Segundo Miguez, um dos caminhos para reduzir a emissão de gases seria implantar ações nos moldes do Programa de Incentivo às Fontes Alternativas de Energia Elétrica (Proinfa) no setor de geração elétrica. "O governo federal precisa incentivar a produção de energia elétrica de fontes renováveis, como eólica, biomassa ou pequenas centrais hidrelétricas. Esse deveria ser o modelo do Plano de Ação Nacional de Enfrentamento das Mudanças Climáticas", disse. O Proinfa é um programa voltado para a diversificação da matriz energética nacional, coordenado pelo Ministério de Minas e Energia (MME).
A energia eólica é obtida pelo movimento do ar (vento). É uma fonte abundante de energia, renovável, limpa e amplamente disponível. Cerca de 50 países, entre ricos e pobres, em todos os continentes, têm utilizado com sucesso a energia eólica, como a Alemanha (com cerca de 8.800 megawatts instalados), Estados Unidos (4.200 MW), Espanha (3.300 MW), Dinamarca (2.400 MW) e Índia (1.500 MW).
A biomassa é um tipo de matéria utilizada na produção de energia a partir de processos de combustão de materiais como a lenha, o bagaço de cana e papéis já utilizados. Entre os derivados da biomassa está o biodiesel, feito a partir do dendê, mamona, soja ou de outro produto. Pequena Central Hidrelétrica (PCH) é toda usina hidrelétrica de pequeno porte cuja capacidade instalada seja superior a 1 MW e inferior a 30 MW.
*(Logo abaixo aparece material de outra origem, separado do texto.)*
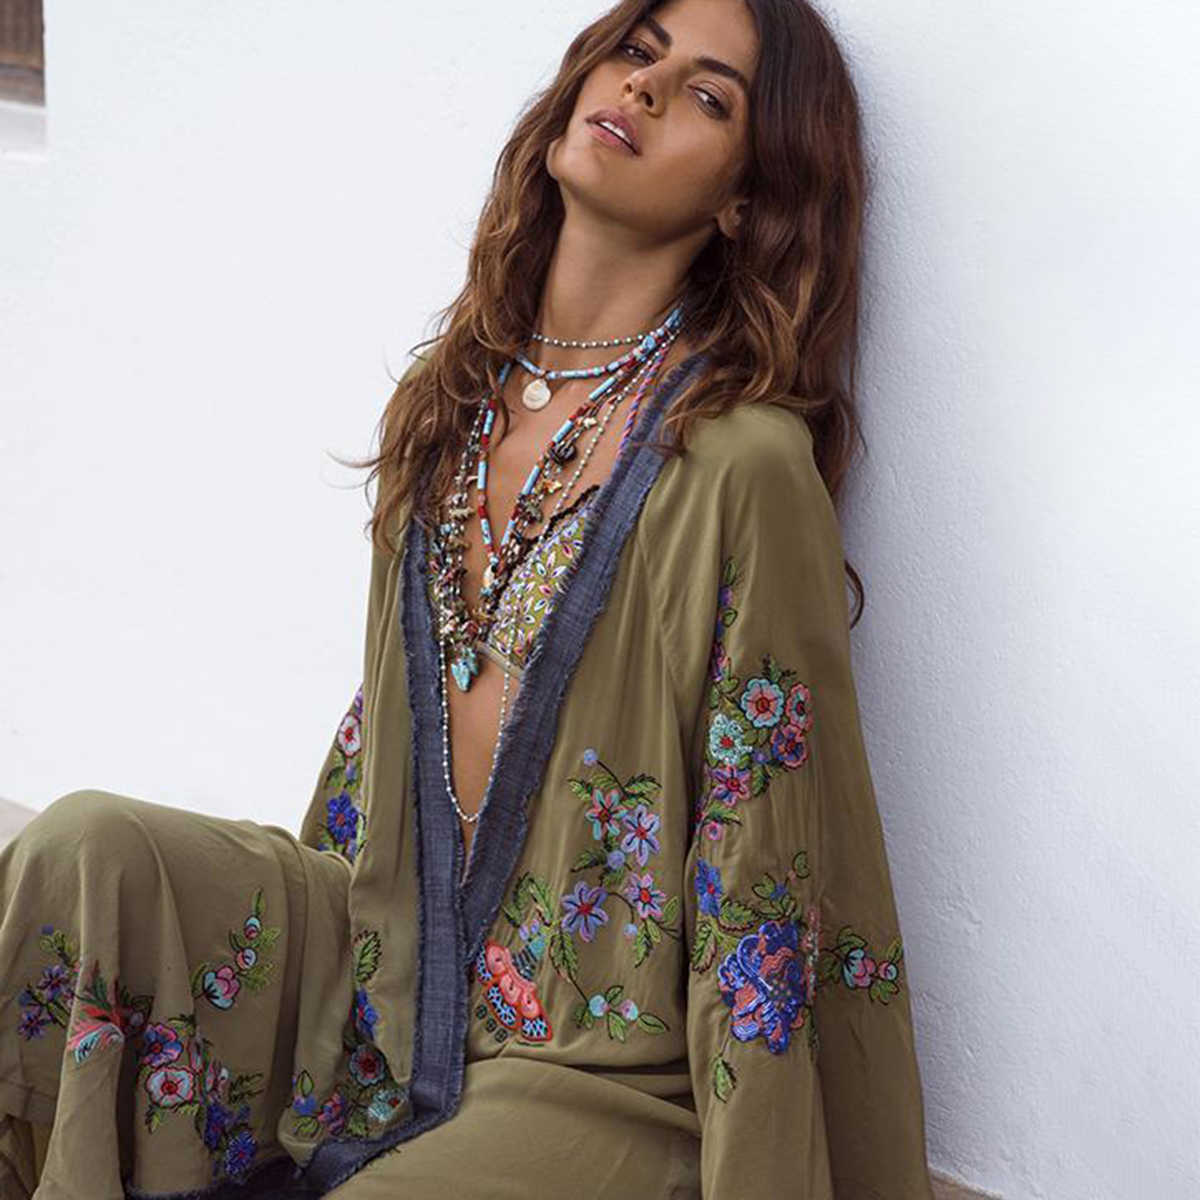 01a722cb8f ... National Boho Kimono Women 2019 Summer Long Sleeve Floral Embroidery  Long Cardigan Jacket Beach Wear Hippie ...

Na reunião realizada no Rio de Janeiro, o Fórum Brasileiro de Mudanças Climáticas não chegou a uma posição em relação à energia nuclear. "Reconhecemos a vantagem dela em não emitir CO2, mas esse tipo de energia tem outros problemas, como o risco radiativo. A energia nuclear não é uma opção madura e o Brasil tem outras escolhas. Temos urgentemente que evitar o uso do carvão mineral precocemente na matriz energética brasileira e estabelecer metas de redução do desmatamento", destacou Pinguelli Rosa.
O documento proposto pelo Fórum, encaminhado ao presidente Lula, estrutura o Plano de Ação Nacional de Enfrentamento das Mudanças Climáticas em três eixos estratégicos: ações coordenadas do governo, desenvolvimento de uma rede de pesquisa e criação de uma entidade nacional de políticas do clima. "Precisamos ter um mecanismo de estímulo à pesquisa, de financiamento a professores, pesquisadores e estudantes que se dedicam ao tema das mudanças climáticas e ambientais e todos os temas correlatos", disse Pinguelli Rosa.
As propostas do Fórum terão um longo caminho até chegar ao governo, passando pelos ministérios de Meio Ambiente, Ciência e Tecnologia, Relações Exteriores, Minas e Energia e finalmente pela Casa Civil. A idéia, segundo Pinguelli, é que o governo inclua as propostas no debate e depois envie novamente as primeiras versões do Plano de Ação para o Fórum para que seja então discutido também pela sociedade.